Opinioni
La (finta) scomparsa del Centro dalla politica italiana
di Alessandro D'Amato
Pubblicato il 2019-11-04
Prima era il luogo politico della mediazione e dell’insabbiamento: “Avanti al centro contro gli opposti estremismi” era uno degli slogan più abusati degli Anni di Piombo. Adesso il Centro non tira più e sta scomparendo dalla politica italiana. Spiega oggi Ilvo Diamanti su Repubblica che nell’ultimo decennio dopo il declino di Berlusconi e di Forza […]
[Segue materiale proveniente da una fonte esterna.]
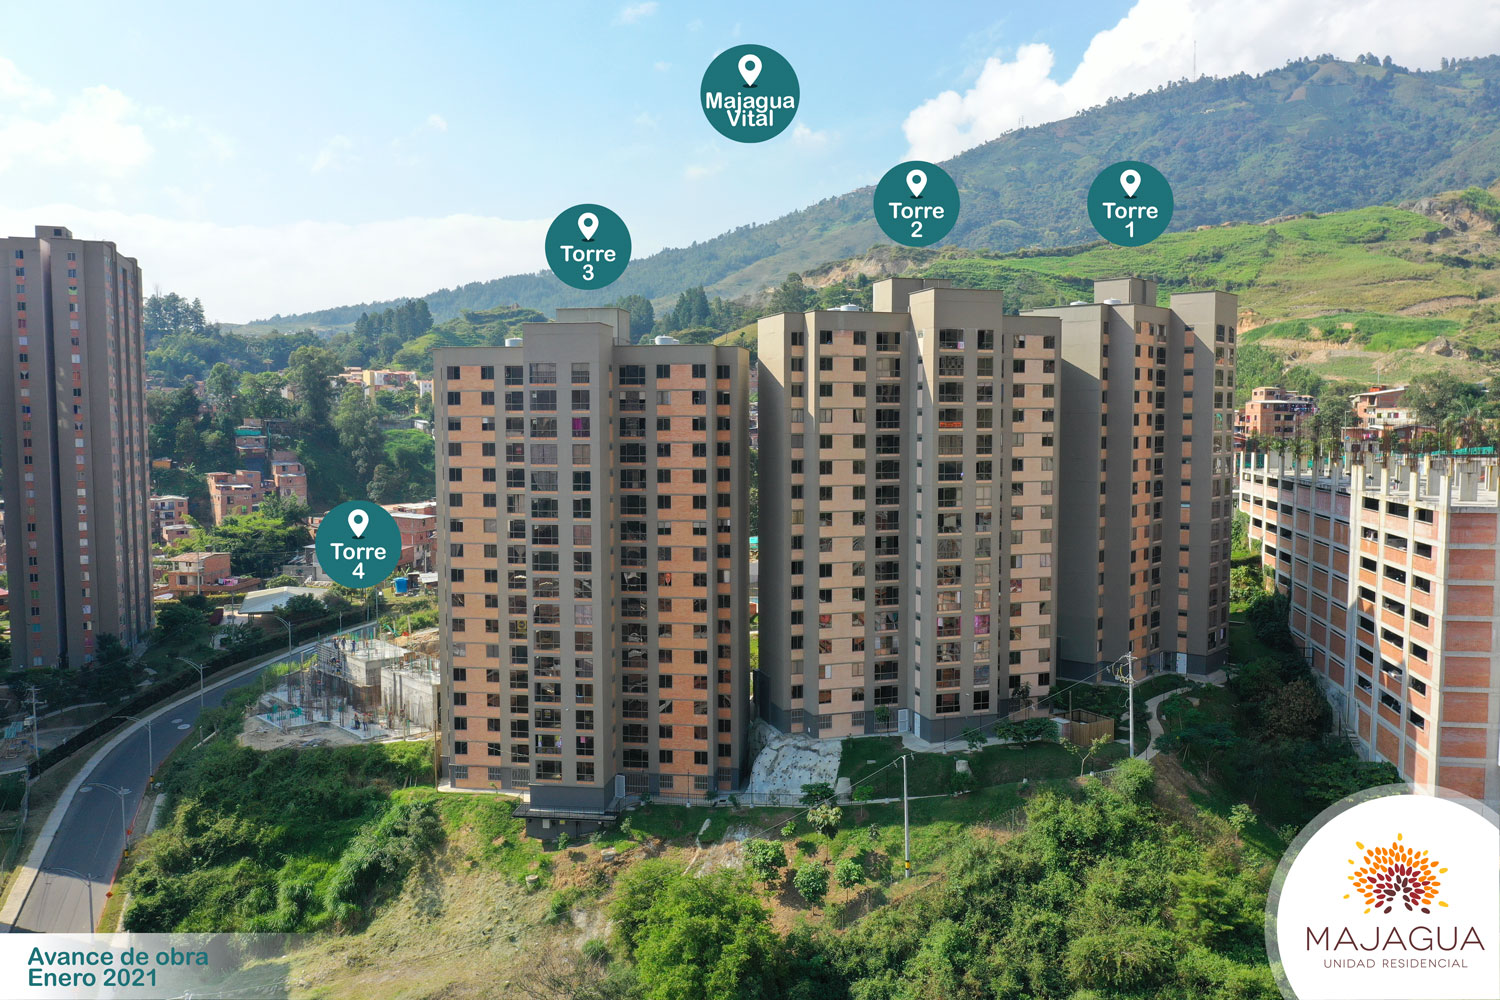 Avance de obra Majagua - Majagua, Venta de Apartamentos y Apartaestudios en Bello, Antioquia
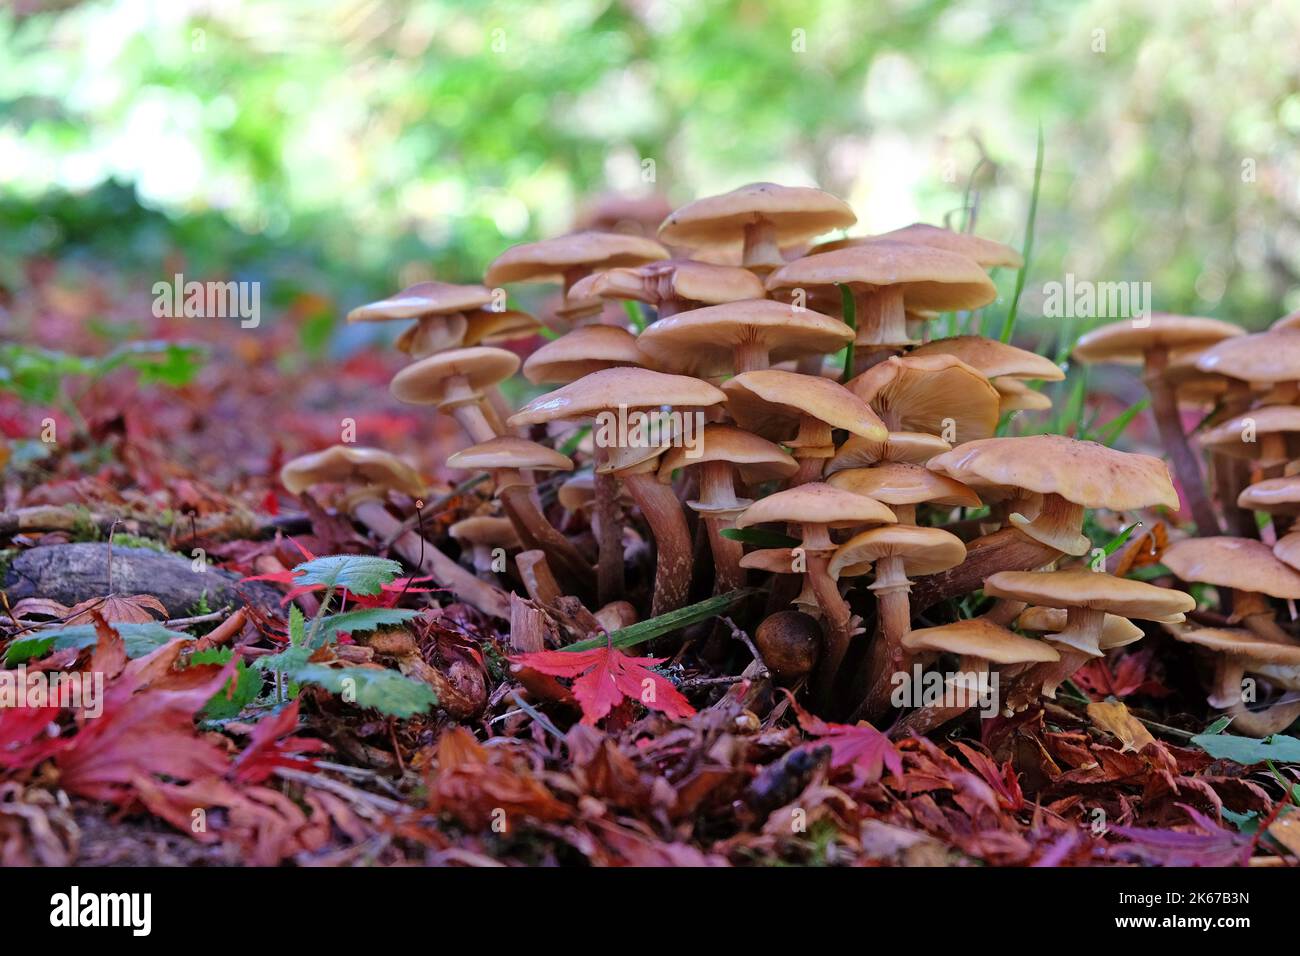 Honey Fungus growing among the leaf litter of the Japanese acres, Surrey, UK. Stock Photo

Prima era il luogo politico della mediazione e dell’insabbiamento: “Avanti al centro contro gli opposti estremismi” era uno degli slogan più abusati degli Anni di Piombo. Adesso il Centro non tira più e sta scomparendo dalla politica italiana. Spiega oggi Ilvo Diamanti su Repubblica che nell’ultimo decennio dopo il declino di Berlusconi e di Forza Italia, lo spazio di Centro si è definitivamente ridotto: al 10%. O poco meno.
Mentre gli spazi contigui e complementari hanno mantenuto il loro rilievo. Centro-Destra e Centro-Sinistra: oggi attraggono ancora il 15-19% degli elettori, ciascuno. Infine, appare stabile, e ampia (circa il 30%; quasi un terzo degli elettori) l’area esterna allo spazio – politico. Dove si collocano coloro che rifiutano questa etichetta. E si chiamano “Fuori” dall’alternativa Destra-Sinistra (definita in modo magistrale da Norberto Bobbio, in un saggio pubblicato da Donzelli nel 1994). Quindi: dal Centro. Tuttavia, è evidente come, negli ultimi 10 anni, si sia ridotto soprattutto lo spazio a Sinistra del Centro. Riassumeva il 35% degli elettori, nel 2013. Oggi: 7 punti in meno. Si è ridotta, in particolare, la componente di Sinistra. Mentre è cresciuta l’area de-finita dalla Destra e dal Centro-Destra. Insieme coprono oltre il 33% degli elettori.
Nel Centro politico, oggi, si riconosce meno del 10% degli elettori. Mentre oltre il 60% si colloca nelle aree più estreme. Oppure “fuori”. Ma cosa significa concretamente questo in politica? Significa che ad avere successo alle urne sono molto spesso le soluzioni “estreme” o quelle “lontane” dalla tradizione e di rottura. Poi però cosa succede? Succede che vincere le elezioni – o urlare di averle vinte perché si è arrivati al 10% in Umbria – è diventato relativamente facile. Ma poi si perde il consenso governando. È quello che sta succedendo a Roma, dove Virginia Raggi tre anni e mezzo fa è stata incoronata regina di Roma con un computo totale di voti epocale e oggi il MoVimento 5 Stelle in città perde voti a ogni elezione, a dimostrazione del fatto che la sua amministrazione viene criticata persino dai suoi come il ministro dello Sport Vincenzo Spadafora:
È quello che stava succedendo al governo Lega-M5S, dove il popolo ha premiato con un plebiscito importante (ma non epocale, visto che Matteo Renzi prese una percentuale di voti maggiore) il Carroccio: Salvini è scappato dal governo proprio mentre stava per arrivare la prova dell’IVA e quella dell’autonomia differenziata e cominciava a scricchiolare la strategia dei porti aperti/chiusi. Oggi Luigi dice che il M5S è l’ago della bilancia mentre Matteo non sfoggia più divise della polizia e rosari in piazza e dice che non vuole uscire dall’euro, nell’intenzione di costruirsi una veste meno di rottura: ma non è proprio questo un avvicinarsi a quel centro che tutti a parole dicono di odiare?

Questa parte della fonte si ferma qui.